* _EXERCISE_
Once you have found the line with "2048x1370 — картинка №654646" in the records below, retype it and every line after it to the end exactly, with no pictures and nothing more.

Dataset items
______________________________

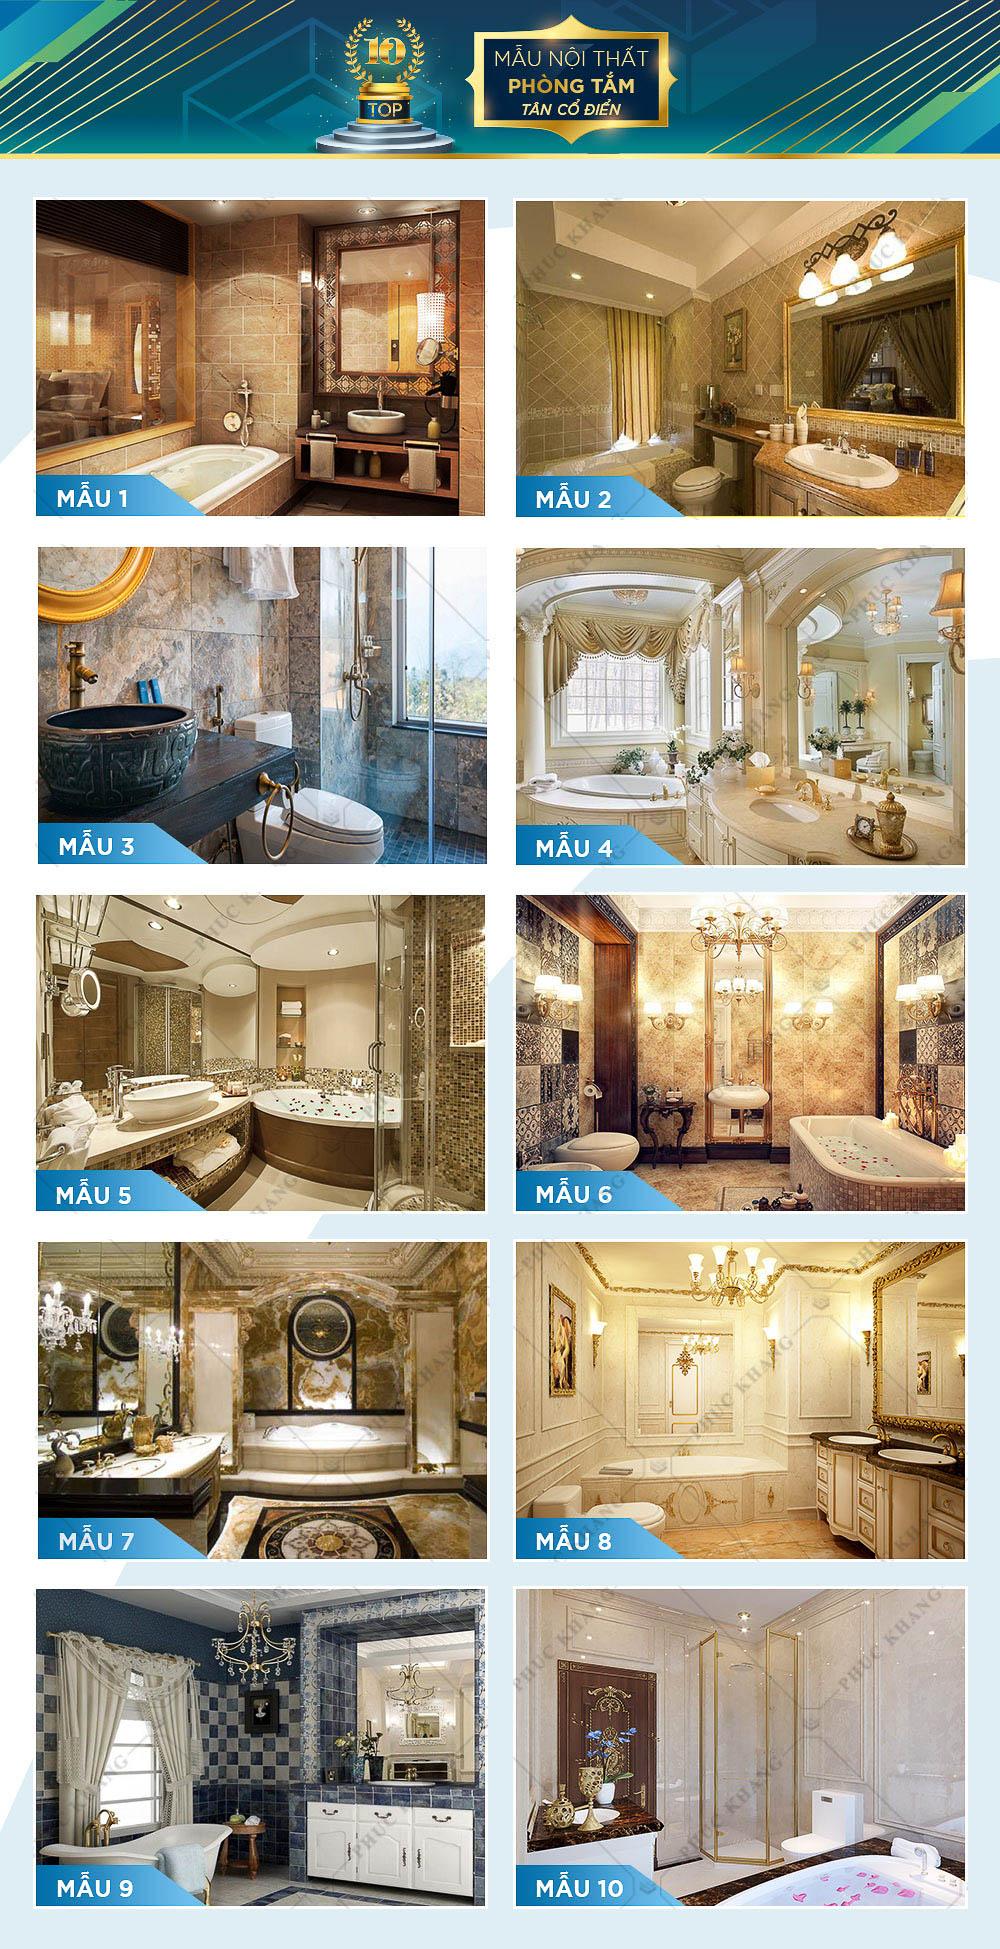 mẫu nội thất phòng tắm và nhà vệ sinh tân cổ điển đẹp
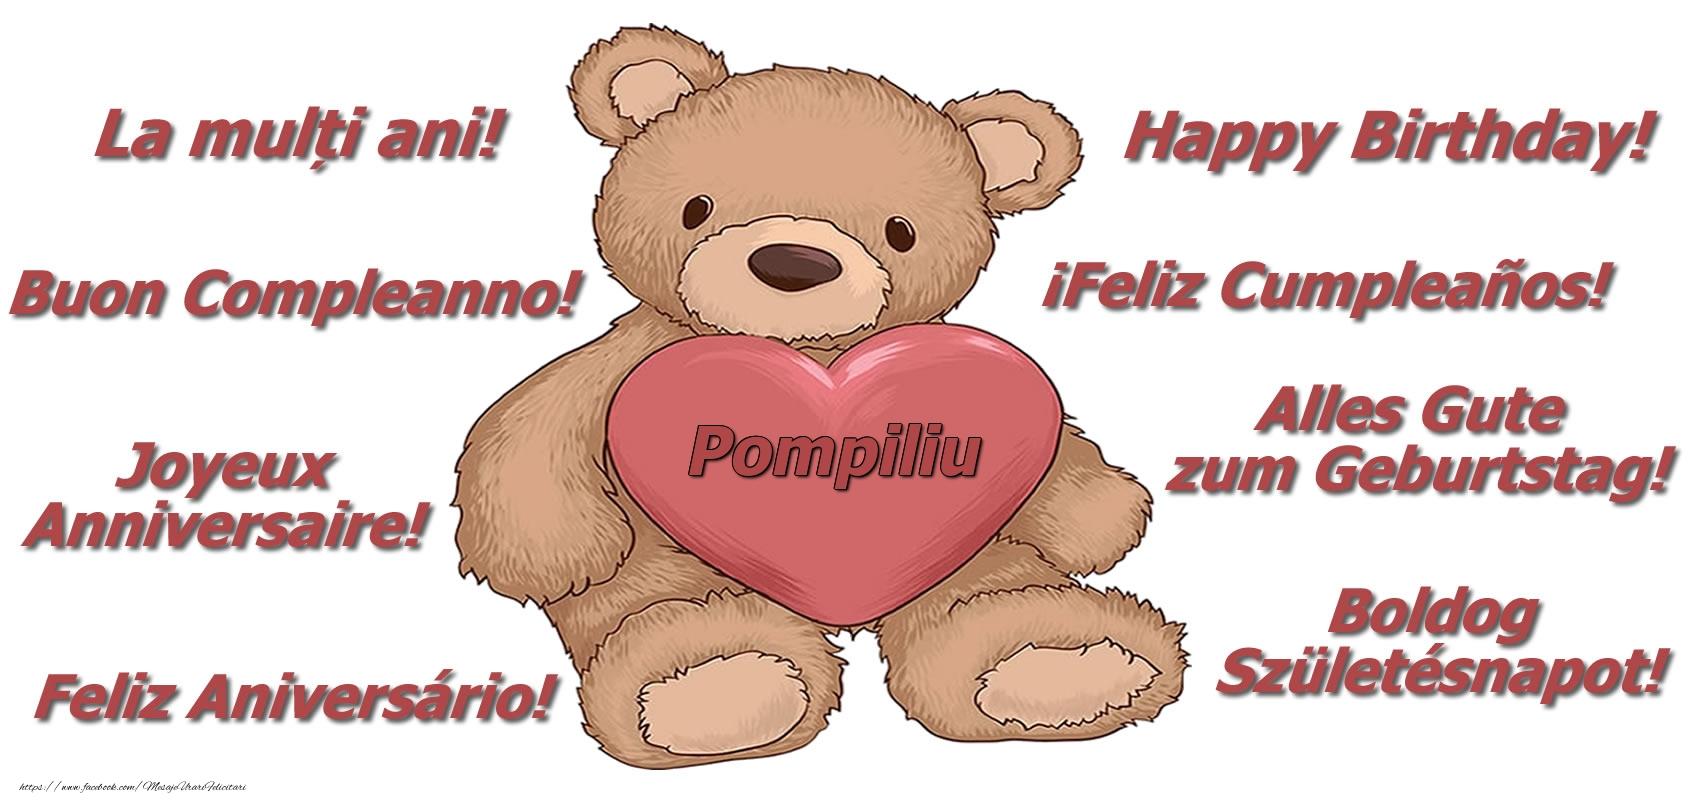 Felicitari de zi de nastere - La multi ani Pompiliu! - Ursulet
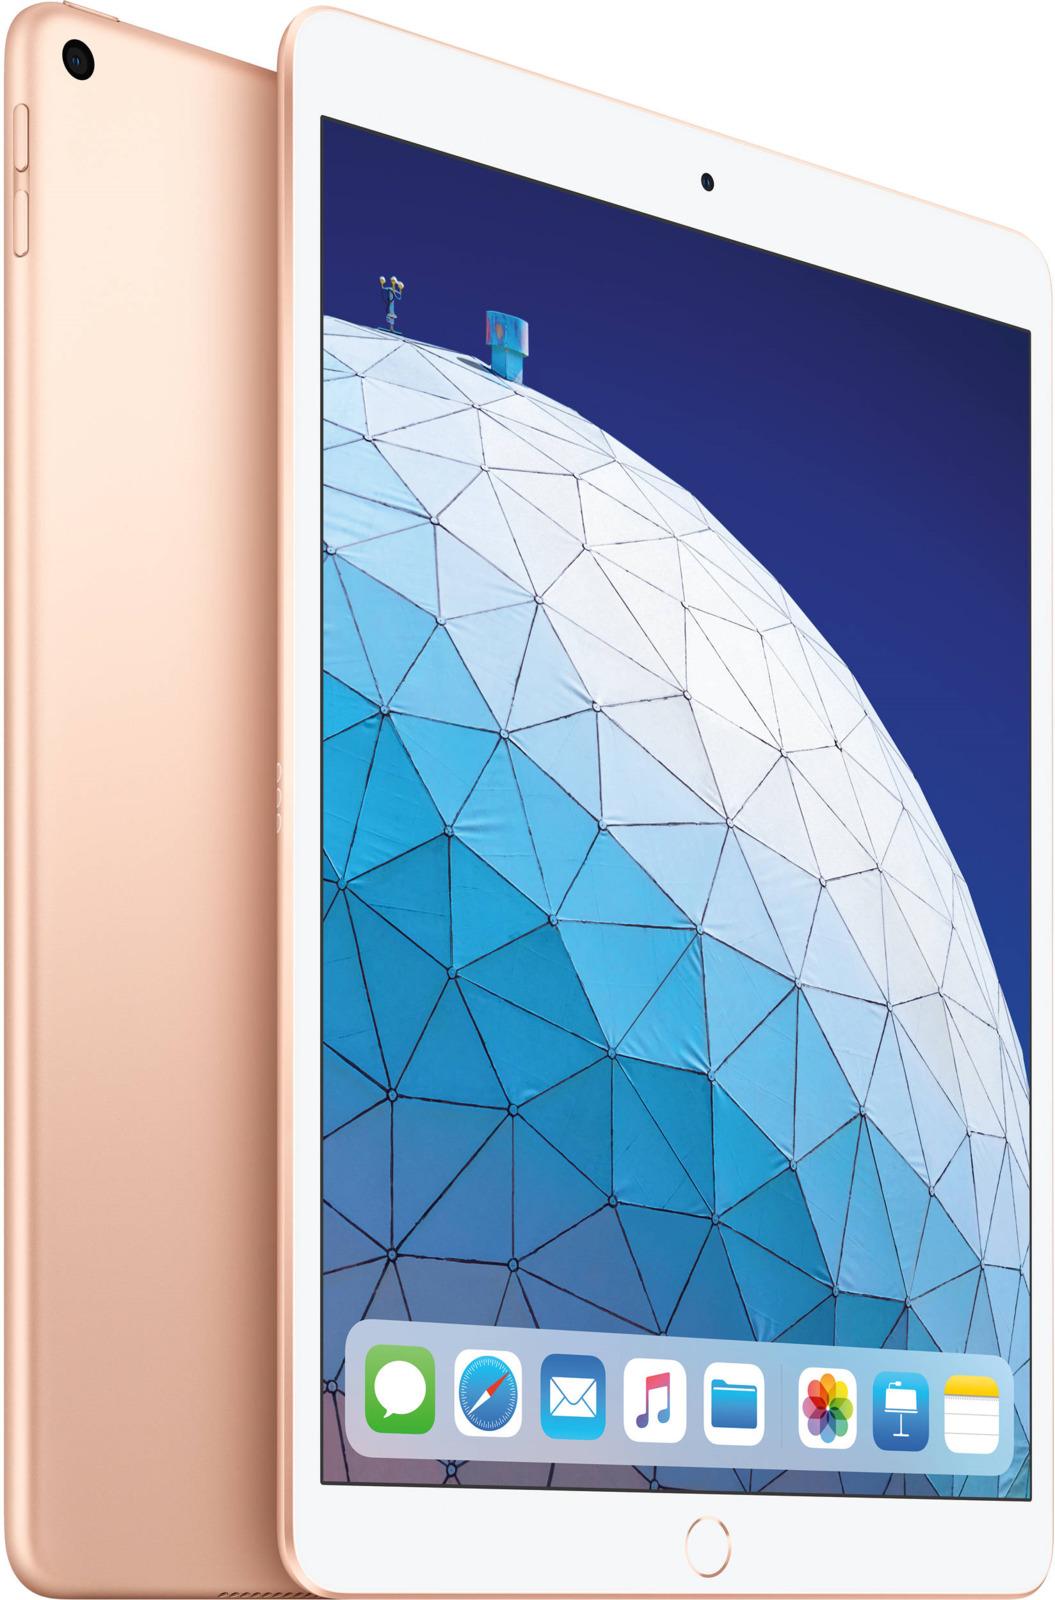 Планшет Apple iPadAir 10.5 Wi-Fi (2019), 256 ГБ, золотой bluetooth wireless 64 key keyboard w stand for ipad air air 2 ipad 1 2 silver
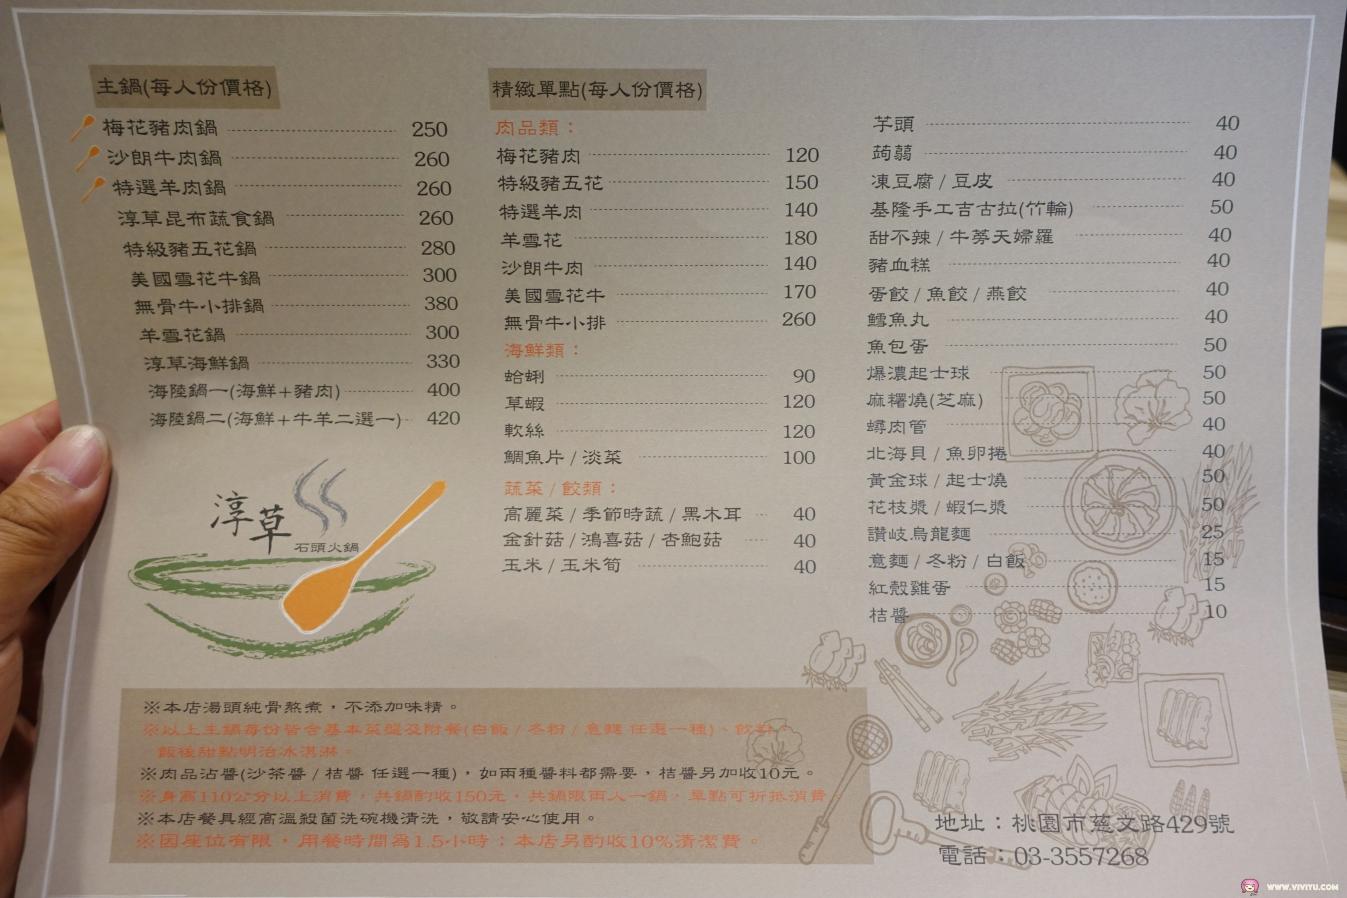 (關門大吉)[桃園美食]淳草石頭火鍋~位於慈文路蓮華寺附近.新開無煙迷你石頭火鍋店.飲料與明治冰淇淋吃到飽 @VIVIYU小世界
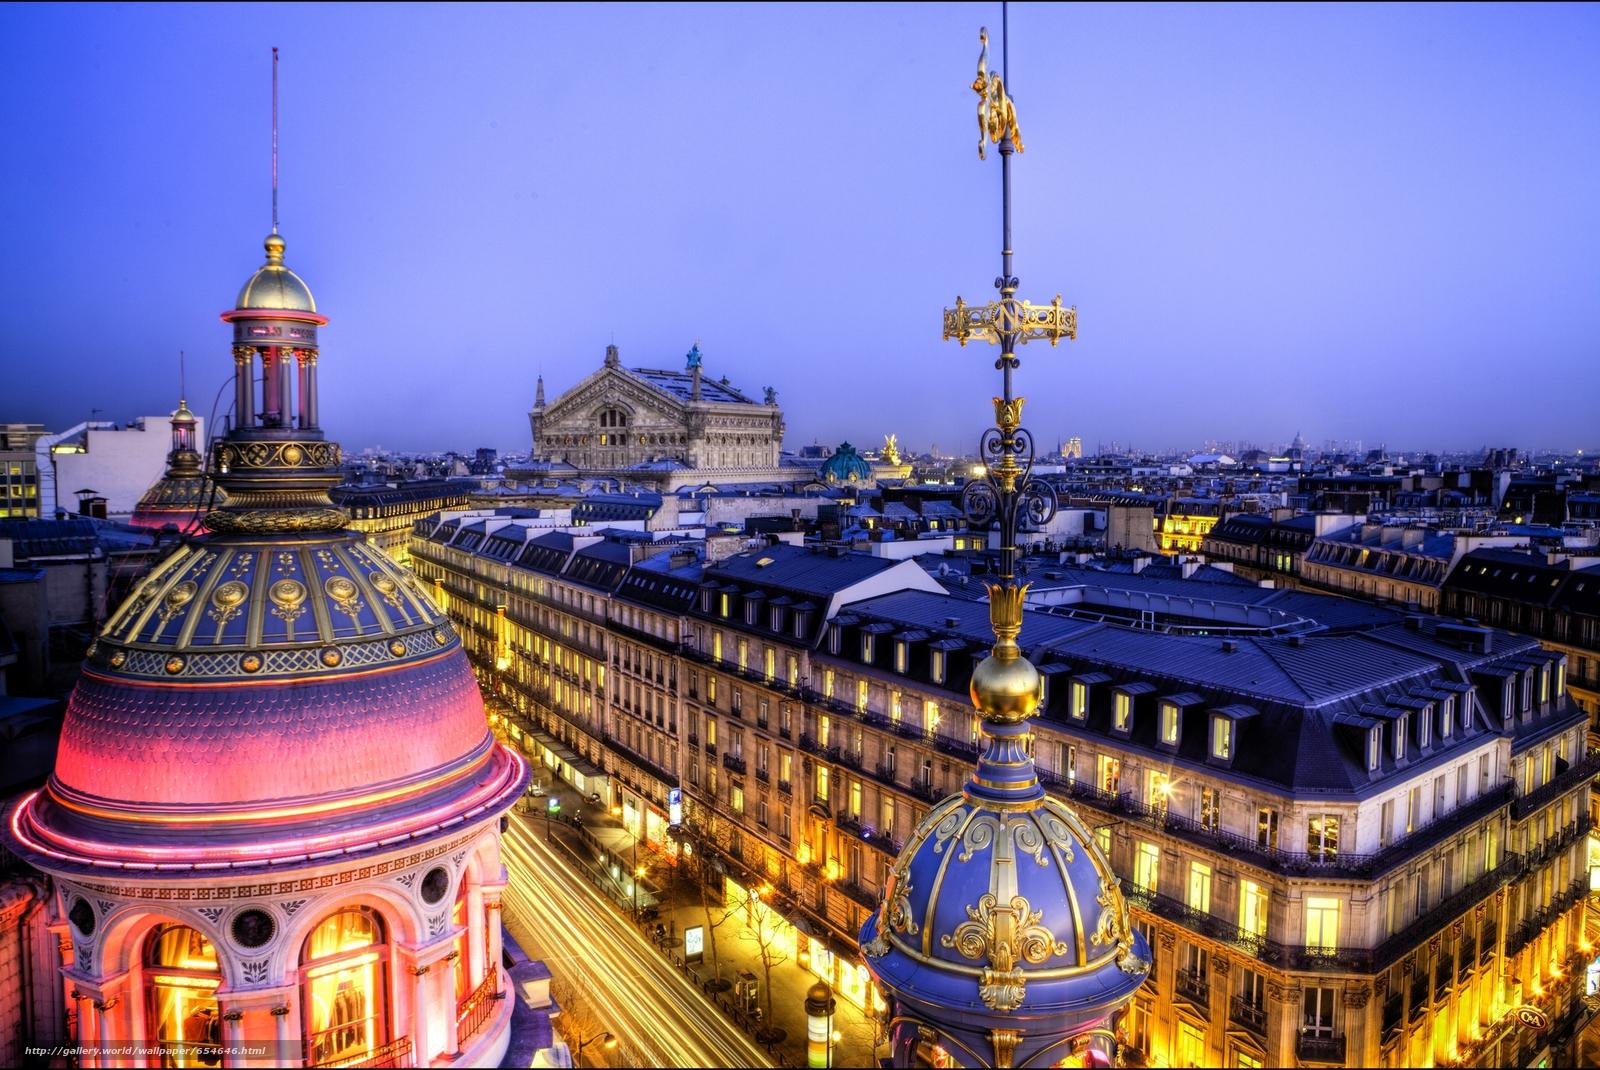 Скачать обои Paris,  France,  Париж,  Франция бесплатно для рабочего стола в разрешении 2048x1370 — картинка №654646
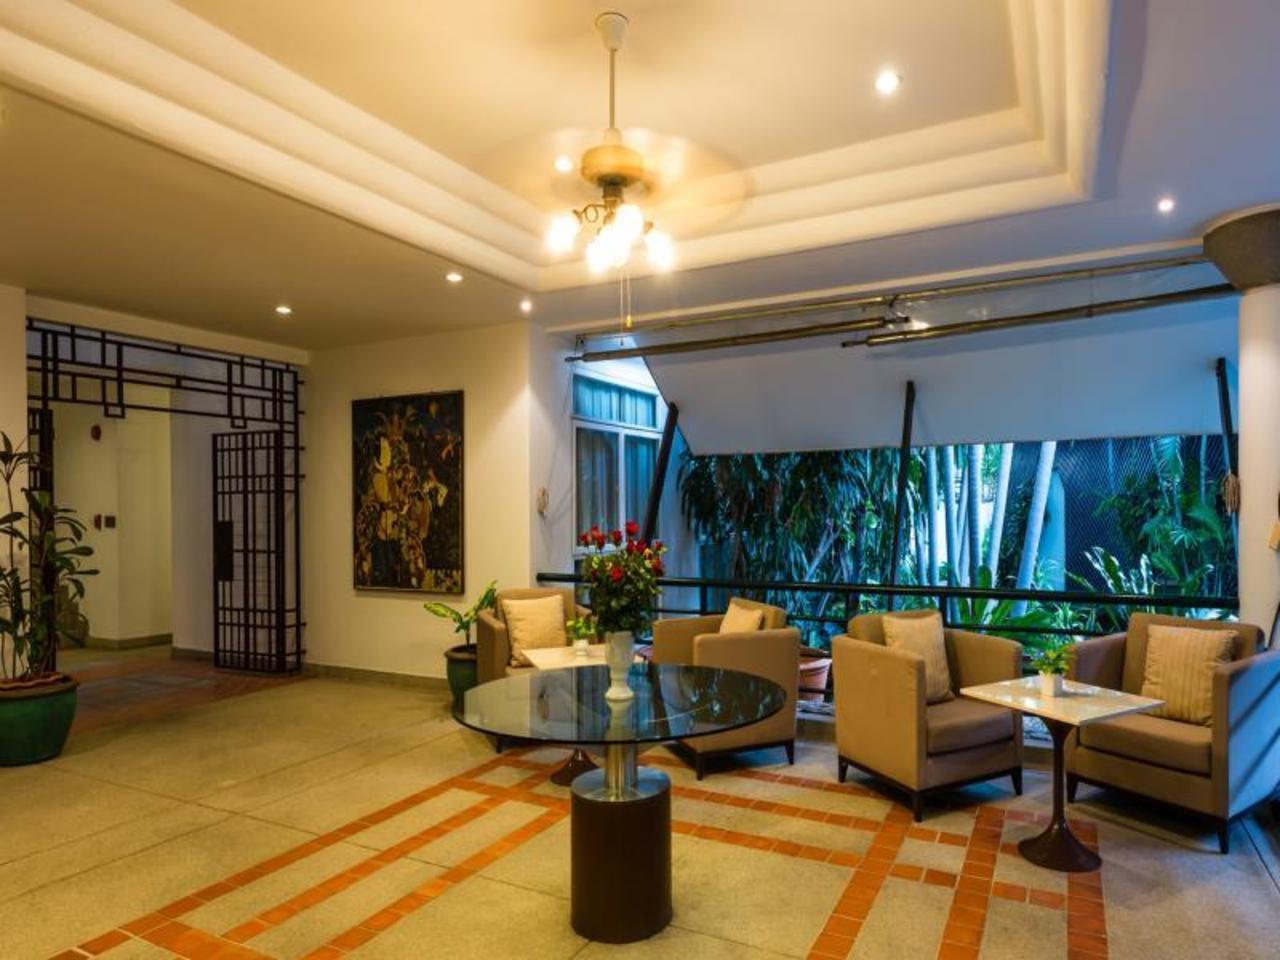 อาร์ซีจี สวีทส์ พัทยา (RCG Suites Pattaya)

______________________________

* _ANSWER FOR THE TASK_
 Скачать обои Paris,  France,  Париж,  Франция бесплатно для рабочего стола в разрешении 2048x1370 — картинка №654646
 อาร์ซีจี สวีทส์ พัทยา (RCG Suites Pattaya)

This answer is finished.